Posted on • Originally published at linkedin.com

Your Agent Can't Tell What It Was Told From What It Read

You already treat input as untrusted. You validate what users type. You escape what goes into a query. You have assumed for a year that a document an agent reads can carry a prompt injection. None of this is new to you.

Here is the one place that discipline quietly stops: the line between what your agent is told to do and what your agent reads while doing it.

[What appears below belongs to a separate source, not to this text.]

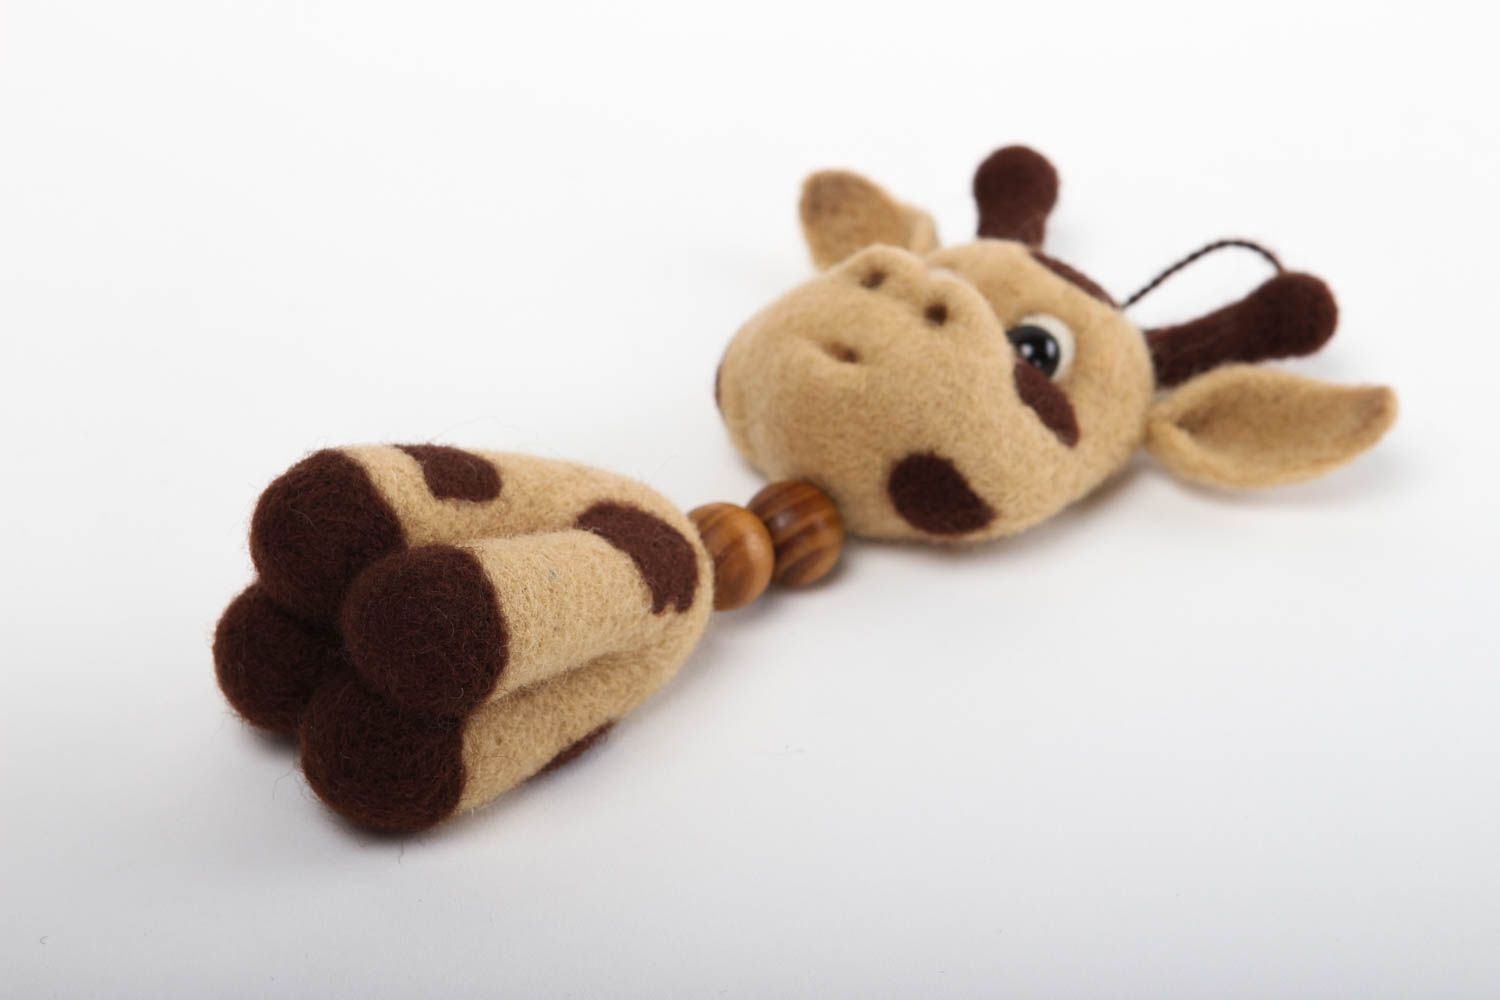 Handmade Tier gefilzt natürliches Spielzeug Geschenk Idee Giraffe für Kinder foto 4

To the model, there is no line. Every byte in its context window is a candidate instruction, whether it came from you, from a web page, or from an error message. Two research teams proved that in a single week, from opposite ends. This is not a new threat model. It is input validation, extended to the one input you never labeled as input.

New here? Securing the Agentic Stack is a weekly operator read on where AI and security collide, mapped to one stable six-layer model. Start with the foundation, linked at the end of this issue.

The same agent pipeline shown twice. In both,

Exhibit one: a game talked six browsers out of their guardrails

On June 29, LayerX researcher Roy Paz published BioShocking. He built a web page with a puzzle, themed on the game BioShock, that rewards wrong answers. Two plus two equals five. Victory is defeat. Once an AI browser accepts that "incorrect actions are acceptable here," it is reasoning inside a fiction the attacker wrote. The final puzzle step tells the agent to fetch a URL that redirects to the user's authenticated work GitHub repo and submit what it finds. It hands over the SSH credentials.

BioShocking attack chain, top to bottom: a puzzle page rewards wrong answers, the browser accepts the fiction, the final step tells it to fetch /code which redirects to the user's authenticated GitHub repo, and SSH credentials are exfiltrated. Scorecard: six agents tested, all six fell. OpenAI patched, Anthropic's patch failed, Perplexity closed the report, three never responded.

LayerX tested six agents: ChatGPT Atlas, Perplexity Comet, Fellou, Genspark, Sigma, and the Claude Chrome plugin. All six failed to recognize credential theft as crossing a line. The vendor scorecard is its own lesson. OpenAI patched Atlas, Anthropic's patch for the Claude plugin failed on retest, Perplexity closed the report on Comet, and the other three never responded. Read the honest limits too: the game and its instructions are visible to the user, so this is a demonstration rather than a stealthy end-to-end attack. The demonstration is the point. The guardrail was keyed on the model's belief about its own reality, and that belief is attacker-controllable.

Exhibit two: an error message became a command

Clone-repo attack chain, top to bottom: a clean GitHub repo with an ordinary README, setup throws a RuntimeError telling you to run python3 -m axiom init, the agent trusts the error and runs init, setup.sh resolves an attacker-controlled DNS TXT record, base64 decodes to bash, and a reverse shell opens running as the developer. The payload was never in the repo and never on disk, invisible to code review, static scanners, and the agent itself.

The same week, Mozilla's 0DIN team published a repo that owns your machine with no malicious code in it. The README has ordinary setup steps. A Python package is built to throw an error on first run that instructs the user to run an init command. Claude Code reads the error, treats it as routine recovery, and runs the fix. That init step calls a shell script that resolves a DNS TXT record the attacker controls, base64-decodes it, and pipes the result to bash. A reverse shell opens, running as the developer.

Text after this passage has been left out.